The show centers around research conducted over the course of seven years on three of Picasso’s early paintings. The project examined The Blue Room (1901), Crouching Beggarwomen (1902), and The Soup (1903) from the Art Gallery of Ontario, which co-organized the exhibition at the Phillips Collection. Traveling from its opening venue in Canada, the show will be the first devoted to Picasso’s Blue Period in Washington D.C. in more than two decades.

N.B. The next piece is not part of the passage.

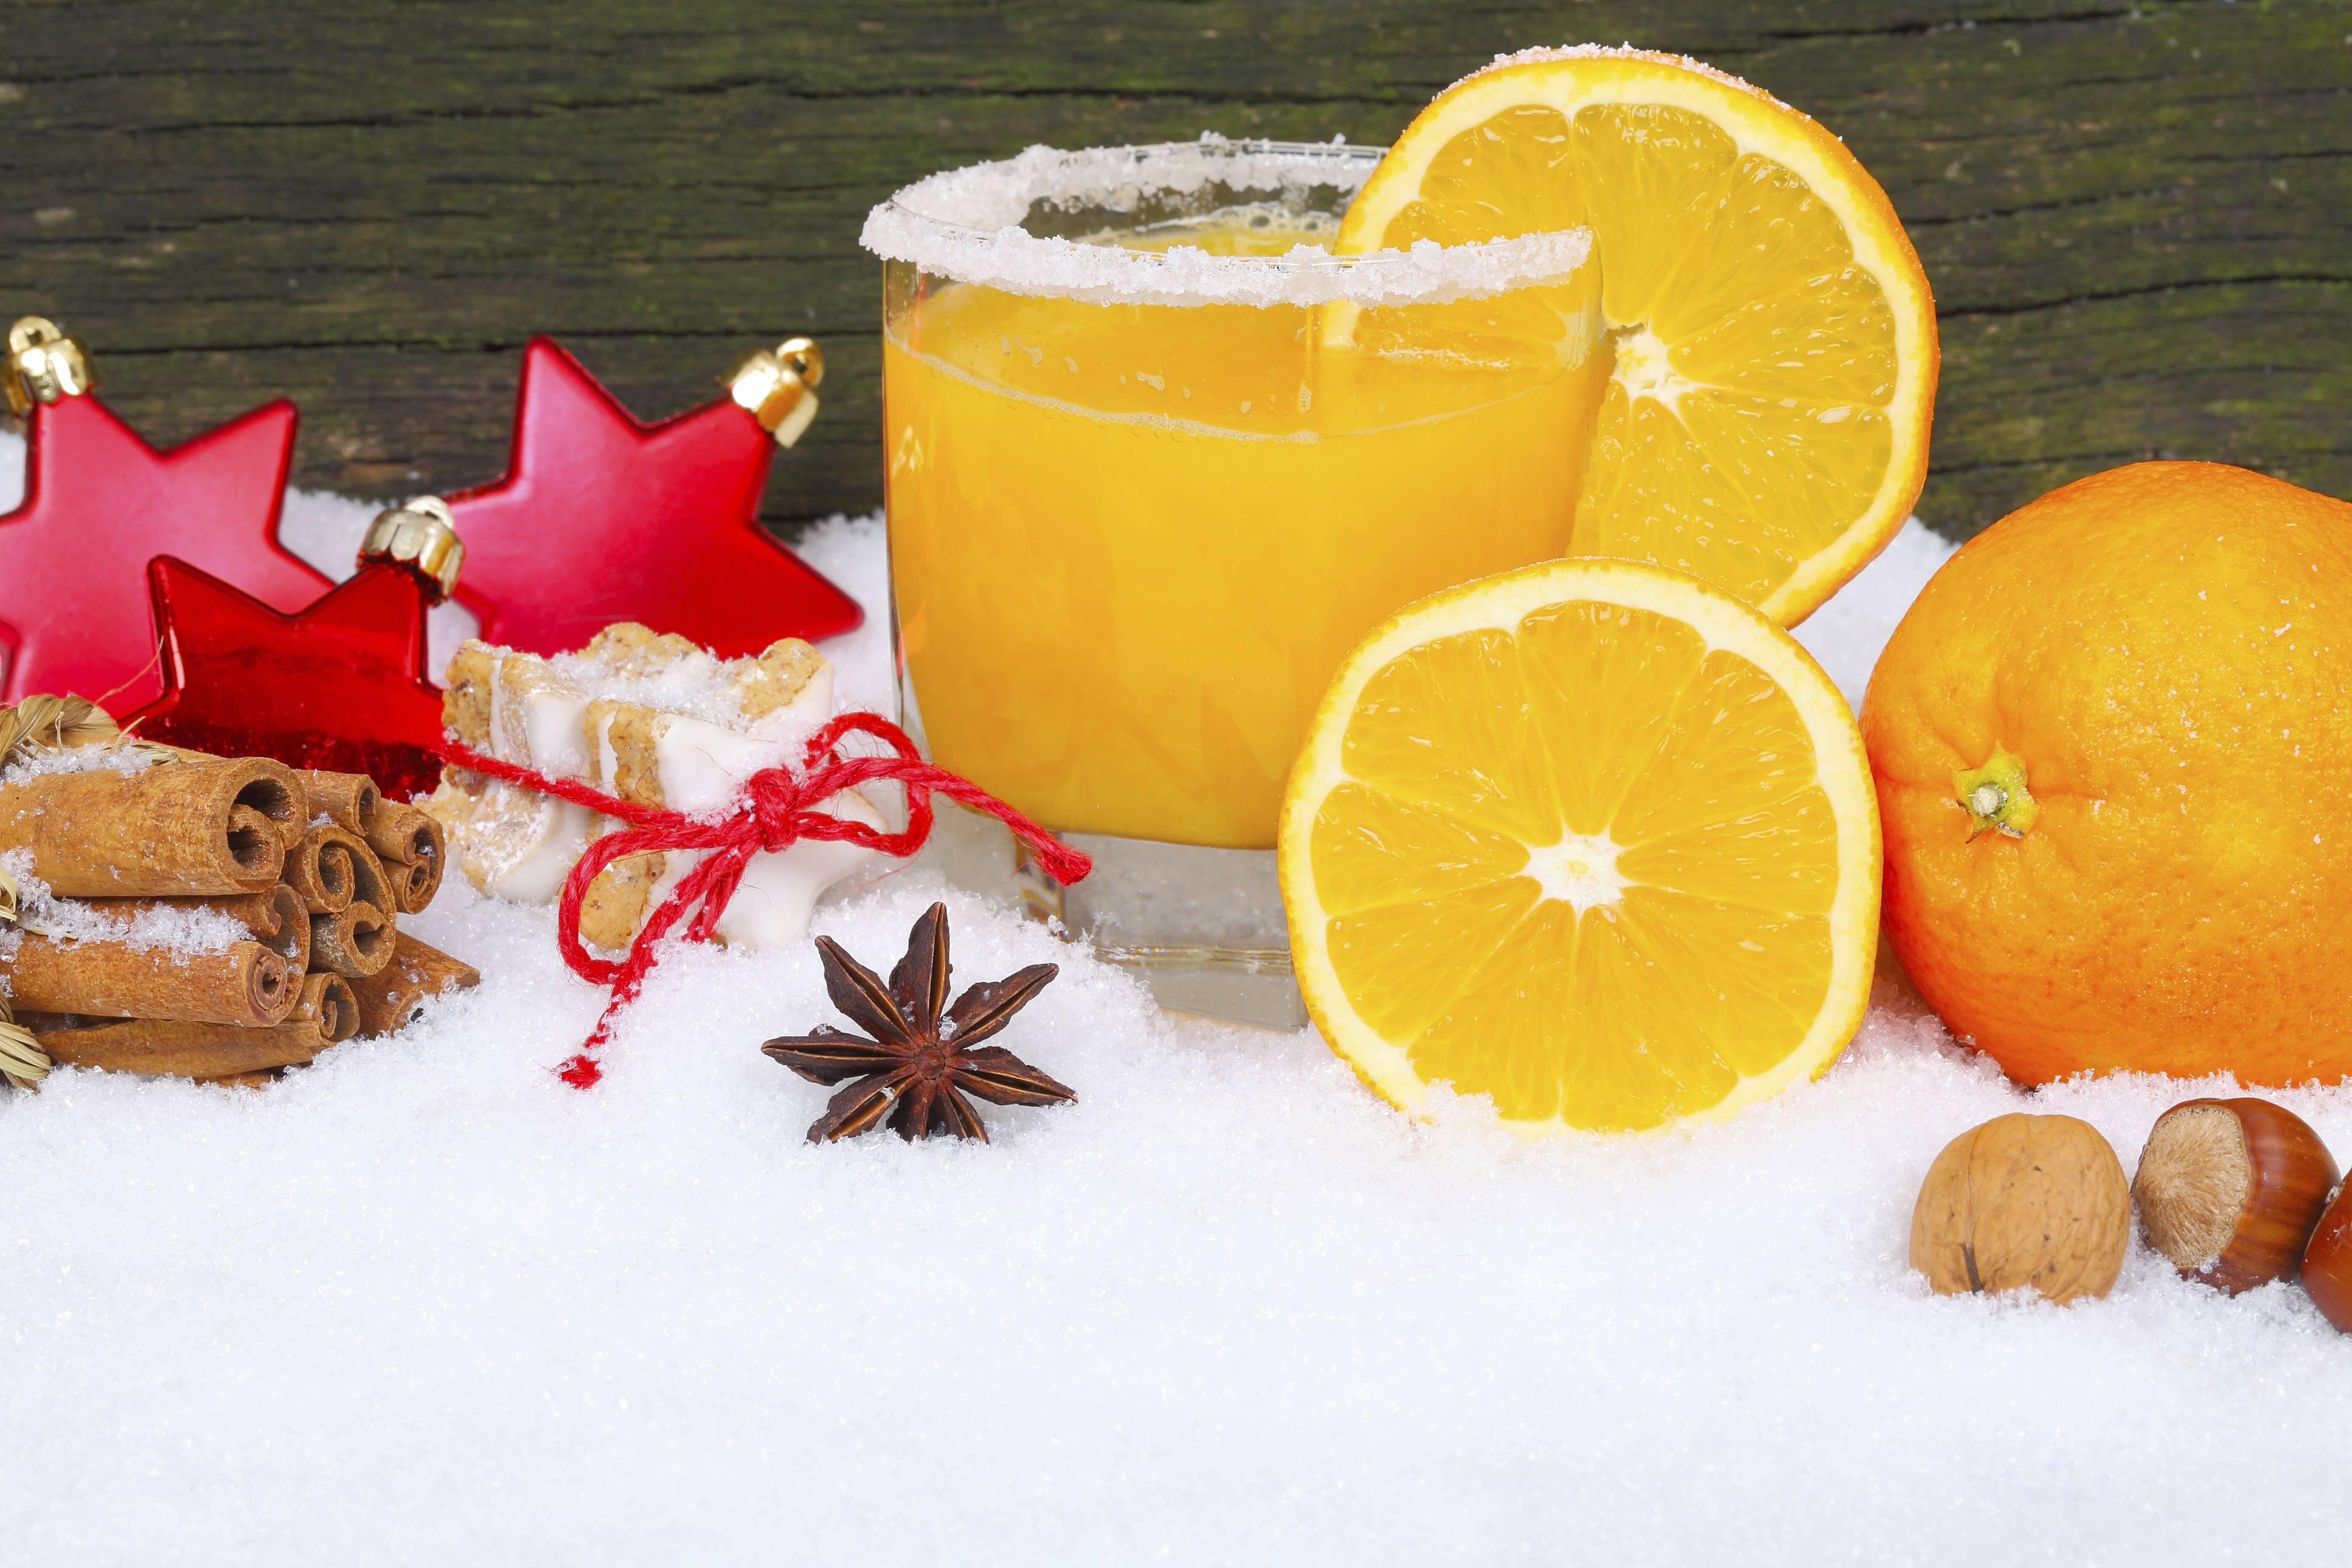 Dieta Depurativa per Prepararsi al Natale

Though their efforts began in 2008 and continued until 2019, researchers and art historians from The Phillips Collection, Cornell University, the National Gallery of Art, and the Winterthur Museum revealed in 2014 that they had found a hidden portrait of a man in Picasso’s The Blue Room (1901), which features a woman undressing in a bedroom. Using X-radiography and infrared technology, conservationists unveiled an underlying image of a sullen man resting his face on his hand that Picasso had painted over.
From 1900 to 1904, the years that define Picasso’s Blue Period, the Spanish artist was in his late teens and early twenties between stints in Barcelona and Paris. Monochromatic blue works from the signature period reveal Picasso’s approach to a milieu of subjects that defined that early moment in his life, from the food deprived to jailed women and young prostitutes—depictions of which many historians and audiences have found controversial.

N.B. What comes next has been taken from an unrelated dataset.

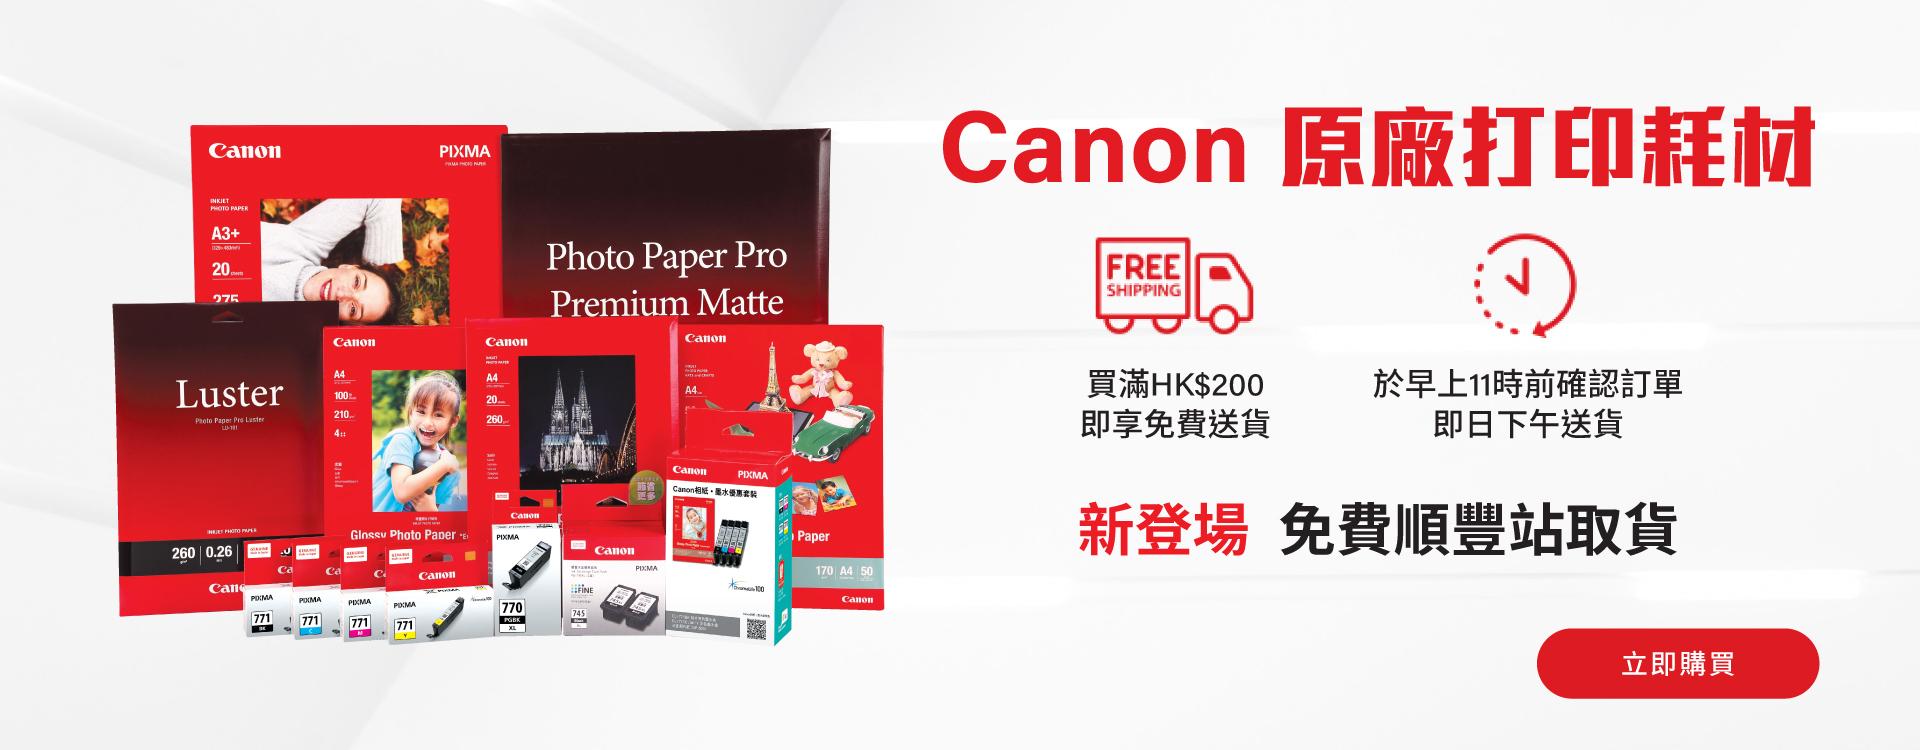 Product List Supplies Canon Hongkong Ink Cartridge Pgi 750xl Black

Technical studies inform the exhibition’s focus on hidden paintings that have been revealed beneath the three Blue Period works and examine how the Modern master later repurposed motifs from them in the early Rose Period (1905–1906). In a statement, Phillips curator Susan Behrends Frank said that despite Picasso being a deeply studied artist, there is yet more to be found in his work: “There is always more to discover within art history.”
“Picasso: Painting the Blue Period” will be on view at the Phillips Collection in Washington D.C. from February 26 to through June 12, 2022.